Especially since the system, whilst it will have some quite interesting applications and the research will yield interesting results, can't work. A computer cannot distinguish between a fact and a lie told as fact...garbage in, and all that.
Let me rephrase that with an example:
'I am ten years old' and 'I am twenty years old'. Which is fact, which is lie? Better yet: 'we believe Iraq has WMD' versus 'we beleive Iraq has no WMD'. No matter what algorythms or heuristics you throw at this, all a computer at most can tell you is 'sometimes when used in conjunction with this phrase, the statement is false'...but that helps you IN NO WAY, because it means the statement can also be true...the indicator means nothing...you get as many false positives as false negatives...hell, even a ratio would be meaningless in intelligence gathering.
-- Waht?
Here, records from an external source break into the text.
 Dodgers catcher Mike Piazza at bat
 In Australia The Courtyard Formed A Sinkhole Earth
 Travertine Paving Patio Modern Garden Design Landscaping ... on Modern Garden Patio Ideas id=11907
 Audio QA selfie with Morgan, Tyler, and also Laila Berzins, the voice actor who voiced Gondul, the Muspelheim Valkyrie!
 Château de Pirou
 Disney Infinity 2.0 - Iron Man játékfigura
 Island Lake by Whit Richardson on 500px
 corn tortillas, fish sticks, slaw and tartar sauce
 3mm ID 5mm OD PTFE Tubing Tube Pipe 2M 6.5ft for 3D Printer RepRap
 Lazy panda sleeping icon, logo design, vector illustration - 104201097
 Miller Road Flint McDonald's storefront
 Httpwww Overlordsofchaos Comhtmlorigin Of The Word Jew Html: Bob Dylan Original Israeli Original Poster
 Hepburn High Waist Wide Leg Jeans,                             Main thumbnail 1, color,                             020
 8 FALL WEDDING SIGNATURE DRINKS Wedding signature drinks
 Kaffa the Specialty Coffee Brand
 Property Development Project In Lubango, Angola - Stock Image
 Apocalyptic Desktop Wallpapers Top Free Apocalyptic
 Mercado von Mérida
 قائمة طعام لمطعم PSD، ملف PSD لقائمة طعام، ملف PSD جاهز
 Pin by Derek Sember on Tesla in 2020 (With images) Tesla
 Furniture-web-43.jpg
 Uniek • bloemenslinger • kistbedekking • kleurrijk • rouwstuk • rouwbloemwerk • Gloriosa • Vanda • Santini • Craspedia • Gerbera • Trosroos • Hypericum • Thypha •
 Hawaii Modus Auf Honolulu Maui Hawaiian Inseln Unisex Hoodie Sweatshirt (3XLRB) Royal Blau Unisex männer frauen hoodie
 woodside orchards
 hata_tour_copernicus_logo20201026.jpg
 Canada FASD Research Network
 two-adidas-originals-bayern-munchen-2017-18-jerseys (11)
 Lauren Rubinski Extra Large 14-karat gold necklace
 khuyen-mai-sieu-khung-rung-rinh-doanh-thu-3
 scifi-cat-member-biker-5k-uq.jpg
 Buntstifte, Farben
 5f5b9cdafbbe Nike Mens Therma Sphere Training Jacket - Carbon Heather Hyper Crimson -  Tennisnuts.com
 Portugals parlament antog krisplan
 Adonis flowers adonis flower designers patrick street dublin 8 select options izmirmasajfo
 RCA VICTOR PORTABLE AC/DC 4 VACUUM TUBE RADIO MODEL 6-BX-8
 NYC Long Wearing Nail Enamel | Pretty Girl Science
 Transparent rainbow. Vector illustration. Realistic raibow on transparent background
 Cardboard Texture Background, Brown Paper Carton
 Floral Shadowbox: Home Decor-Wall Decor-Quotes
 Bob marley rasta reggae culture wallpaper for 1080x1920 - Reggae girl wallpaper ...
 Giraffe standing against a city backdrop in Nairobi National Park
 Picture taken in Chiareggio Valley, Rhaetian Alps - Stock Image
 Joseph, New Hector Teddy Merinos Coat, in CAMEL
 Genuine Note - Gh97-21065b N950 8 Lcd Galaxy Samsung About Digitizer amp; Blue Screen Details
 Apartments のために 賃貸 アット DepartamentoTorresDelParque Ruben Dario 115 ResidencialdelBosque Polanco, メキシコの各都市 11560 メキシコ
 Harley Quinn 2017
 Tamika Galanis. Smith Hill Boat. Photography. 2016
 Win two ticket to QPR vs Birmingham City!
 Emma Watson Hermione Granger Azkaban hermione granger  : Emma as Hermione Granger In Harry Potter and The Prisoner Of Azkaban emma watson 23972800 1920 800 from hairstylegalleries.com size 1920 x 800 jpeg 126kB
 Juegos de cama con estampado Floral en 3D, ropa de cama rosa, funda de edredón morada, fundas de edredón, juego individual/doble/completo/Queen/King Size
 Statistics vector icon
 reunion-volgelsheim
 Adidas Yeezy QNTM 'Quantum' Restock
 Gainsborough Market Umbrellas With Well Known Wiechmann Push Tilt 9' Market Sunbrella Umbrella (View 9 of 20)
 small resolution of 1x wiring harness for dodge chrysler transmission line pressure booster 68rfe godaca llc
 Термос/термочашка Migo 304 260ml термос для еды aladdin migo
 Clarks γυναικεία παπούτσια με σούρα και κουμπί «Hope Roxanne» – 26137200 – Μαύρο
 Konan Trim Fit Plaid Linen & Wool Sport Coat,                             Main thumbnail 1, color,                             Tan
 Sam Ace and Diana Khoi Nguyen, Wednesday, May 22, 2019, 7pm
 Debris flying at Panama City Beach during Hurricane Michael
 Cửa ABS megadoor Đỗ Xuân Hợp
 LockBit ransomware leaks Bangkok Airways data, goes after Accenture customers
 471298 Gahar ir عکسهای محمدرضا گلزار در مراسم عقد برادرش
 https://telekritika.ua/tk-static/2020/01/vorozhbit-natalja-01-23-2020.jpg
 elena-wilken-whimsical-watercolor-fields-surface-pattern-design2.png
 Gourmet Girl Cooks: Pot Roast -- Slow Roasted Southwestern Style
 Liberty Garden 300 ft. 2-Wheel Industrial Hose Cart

Tehr's a preveiw buottn?
You mean it was not the computers that voted for George W Bush? Then who the hell did?
Sent from my ASR33 using ASCII
Information extraction (IE) is a type of information retrieval whose goal is to automatically extract structured or semistructured information from unstructured machine-readable documents. A type of concept extraction that automatically recognizes significant vocabulary items in text documents, such as, names, terms, and expressions.